The man chuckled. "No, madam," he repl
ied. "I'm in the employ of Miss Nell Baker."
Lark let out the breath she'd been holding, swayed slightly with the heady relief of drawing another. "You've come for Lydia," she concluded aloud, and felt the backs of her eyes begin to burn.
The coachman studied her for a long moment, then nodded. Of course he would be reticent concerning his mistress's business in Stone Creek; he didn't know Lark from Adam's third cousin, Bessie Sue.
"I live here," she explained, with a nod toward the big house behind her, and then felt utterly foolish for saying something so inane. What did Nell Baker's carriage driver care where she resided?
The combination of relief—this carriage hadn't brought Autry Whitman to Stone Creek, as she'd first feared—and sadness, because Lydia would soon be going away, left her dizzy-headed.
He smiled benignly and with some amusement. "Then you might want to go inside. It's cold out here." He gave a shiver. "Not at all like Phoenix."
"You could come in, too," Lark suggested, suddenly sorry for the man. "I'll put on a pot of coffee, or tea, if you'd prefer, and you can warm yourself by the stove."
"And get a flaying from Miss Nell for not staying with the coach?" the driver replied. "No, thank you."
"Is she—Miss Nell Baker, I mean—is she.. .unkind?"
The man frowned. "Unkind?"
Lark hesitated. "I'm Lydia's teacher, you see," she said. "And I've become quite fond of her. So, naturally, I'm concerned with—"

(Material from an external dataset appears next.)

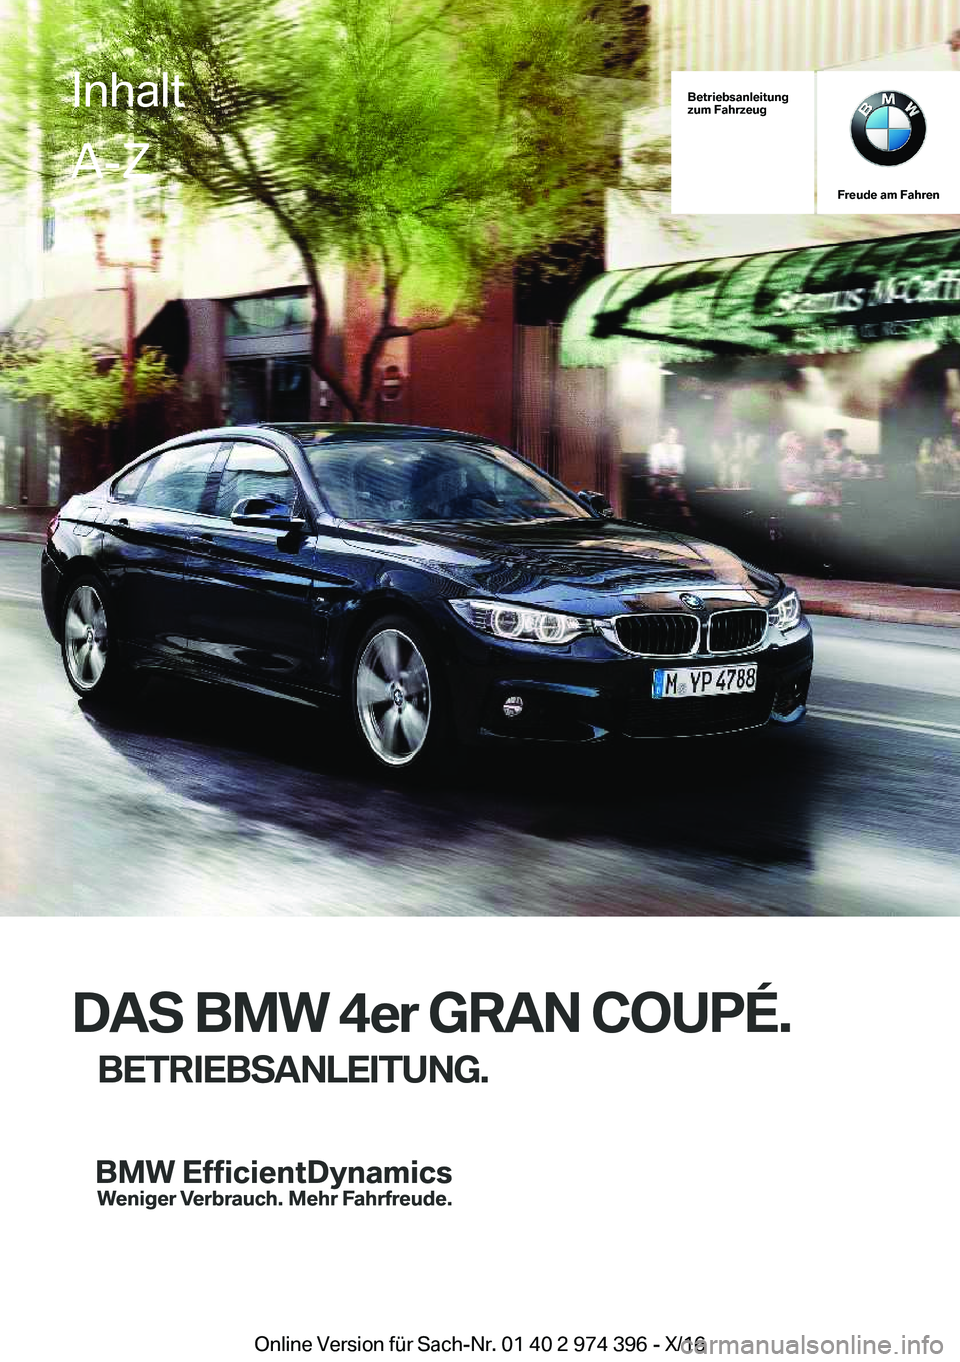 BMW 4 SERIES GRAN COUPE 2017  Betriebsanleitungen (in German) �B�e�t�r�i�e�b�s�a�n�l�e�i�t�u�n�g
�z�u�m��F�a�h�r�z�e�u�g
�F�r�e�u�d�e��a�m��F�a�h�r�e�n
�D�A�S��B�M�W��4�e�r��G�R�A�N��C�O�U�P�

Just then Mrs. Porter's front door banged open, and a woman appeared on the porch, more shadow than substance, but sturdily built and with imposing posture.

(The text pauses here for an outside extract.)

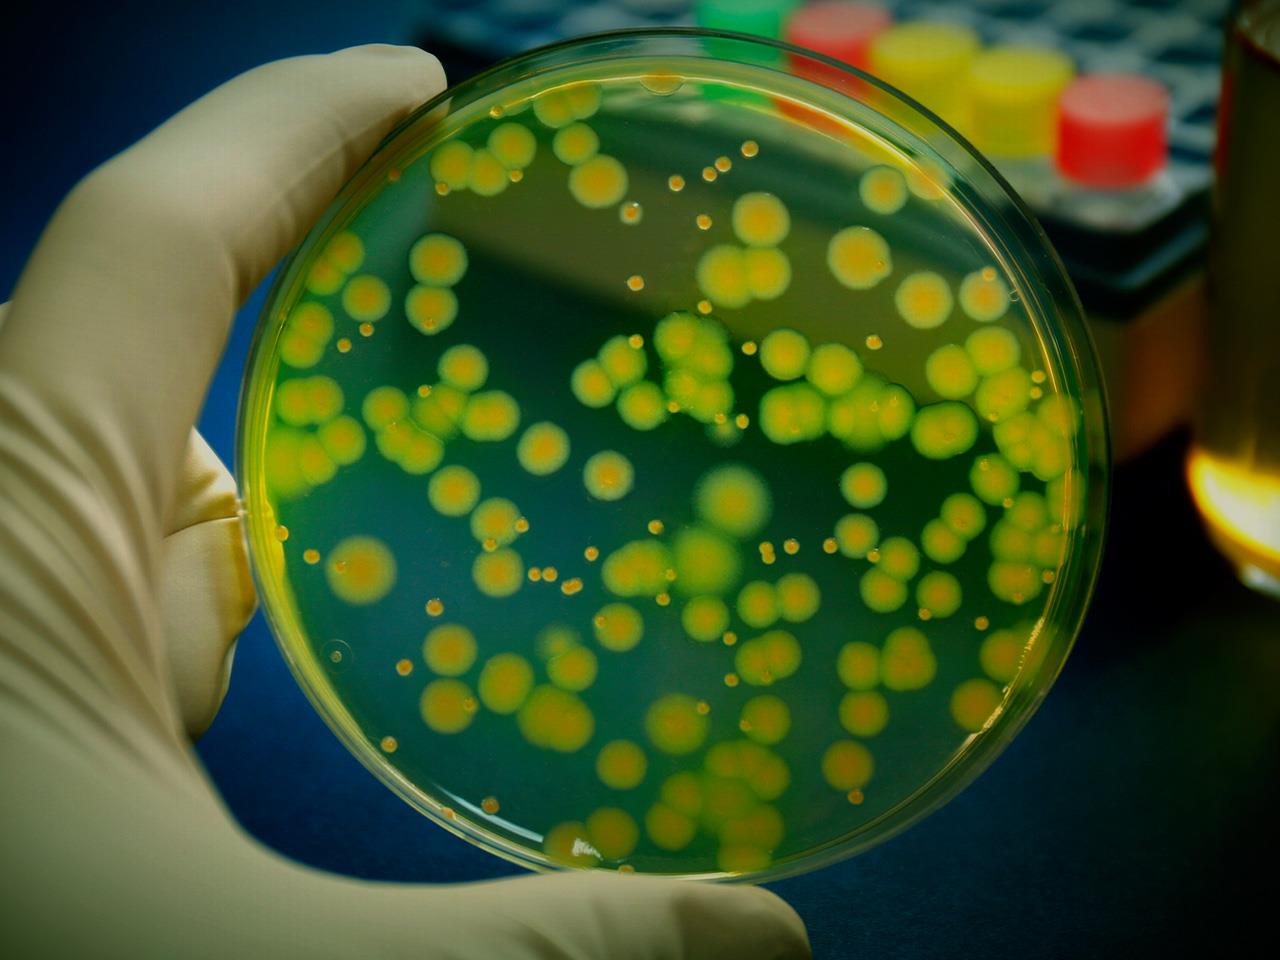 Селекция микроорганизмов фото

"Evans!" she called. "Who are you talking to out there? Why are you dawdling? I require your assistance to bring my niece out to the carriage!"
Lark opened the gate, moved cautiously up the walk.

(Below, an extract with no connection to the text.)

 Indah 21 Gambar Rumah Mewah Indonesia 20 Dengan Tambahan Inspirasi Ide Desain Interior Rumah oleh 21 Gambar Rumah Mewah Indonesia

"I'm on my way," Evans said, hurrying past her and on toward the house. "And I was speaking to Miss...?"
"Lark Morgan," Lark said, reaching the bottom step, looking up at Nell Baker. "Lydia has been my pupil at Stone Creek School, and I board in this house."
Nell Baker stepped forward, into the light of the moon and the faint reach of the streetlamps. She was plain, with quick, dark eyes, her hair pulled severely back from her face. Her dress was black bombazine, and her aspect precluded nonsense in any form or fashion. "Are you the one who looked after my niece when she took ill? God knows, it couldn't have been that trollop, Mabel, though she did show the grace to inform me that poor, foolish Herbert had managed to turn himself into a block of ice."